Ses mains huilées me caressent les genoux, les cuisses pendant qu’elle suce mes tétons. Je sens ses petites mains qui montent, qui remontent toujours plus vers l’aine. La vibration de ma peau s’amplifie au fur et à mesure que ses doigts se dirigent vers ma cartouchière.

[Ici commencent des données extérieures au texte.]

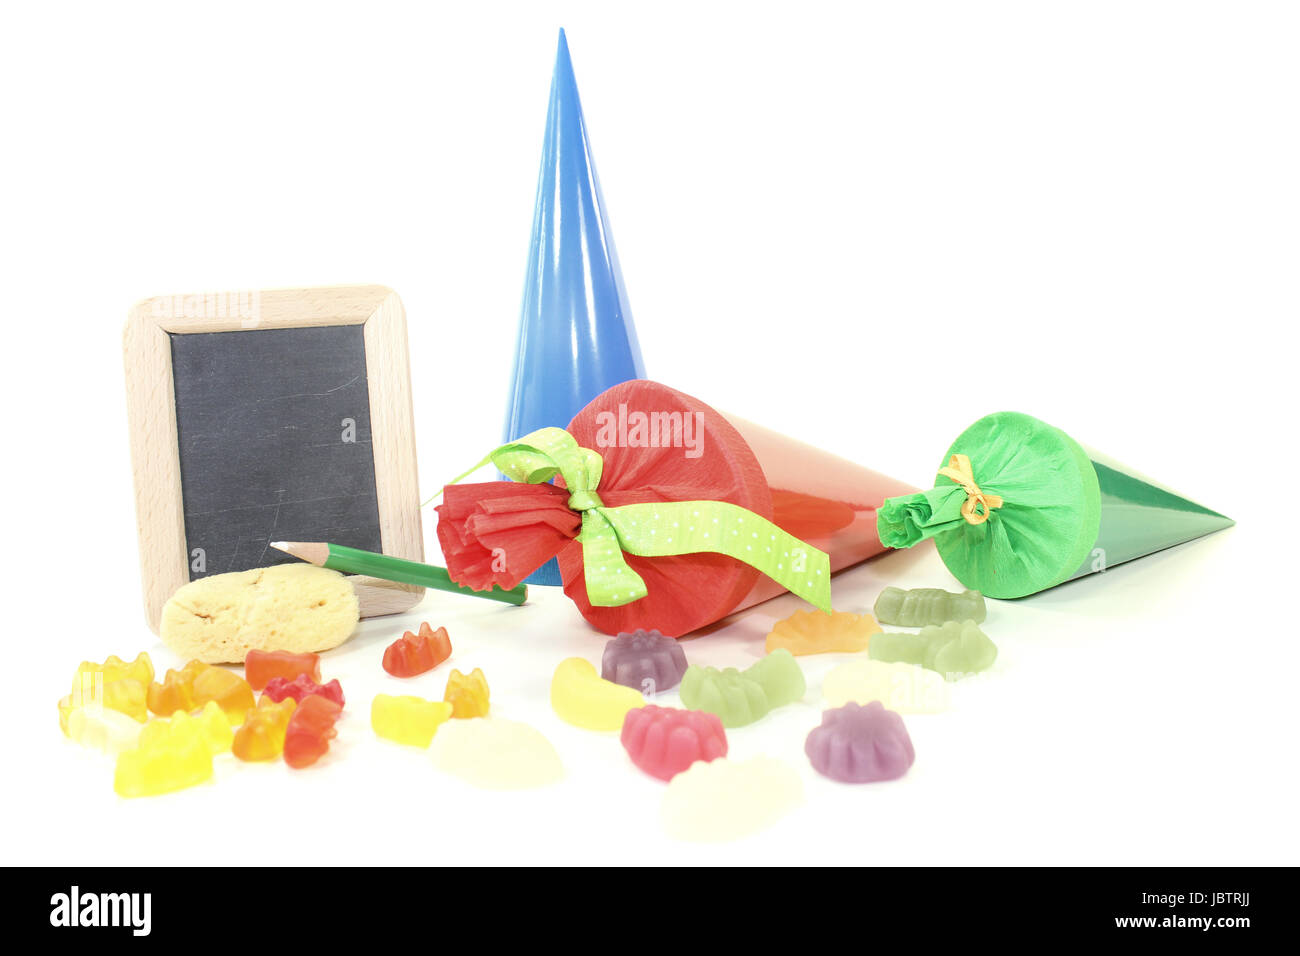 Schultüten mit Stift, Schwamm, Tafel und Süßigkeiten vor hellem Hintergrund Stock Photo

Alors qu’elle masse mes couilles dans la paume de sa main, comme on joue avec des boules de Baoding, elle suce goulûment l’objet de tous ses désirs, le faisant disparaitre profondément dans sa gorge une première fois. Reprenant son souffle avant d’allumer la mèche, elle me susurre :
– Oh ! Que j’aime ta bite.
J’inspire profondément et expire lentement en fermant les yeux. Je tâche d’oublier les mouvements de va-et-vient de la tête et de sa langue sur mon gland. Faire durer l’instant et le plaisir, lâcher prise. Inspirer, expirer. Je repense aux premiers instants de notre entrevue et à sa façon de sucer la paille et d’avaler son gin, lorsque je fais couler mon lait au fond de sa gorge.
J’exulte. Tous mes muscles se bandent et se crampent, je me retrouve figé, tel un vieil arbre raide et sec. Oubliés les muscles relâchés et souples. Je repars avec des courbatures et l’esprit libre.
Les bourses sont vides. C’est peu de le dire. Entretenir une reine, quand elle est belle de la nuit coûte cher.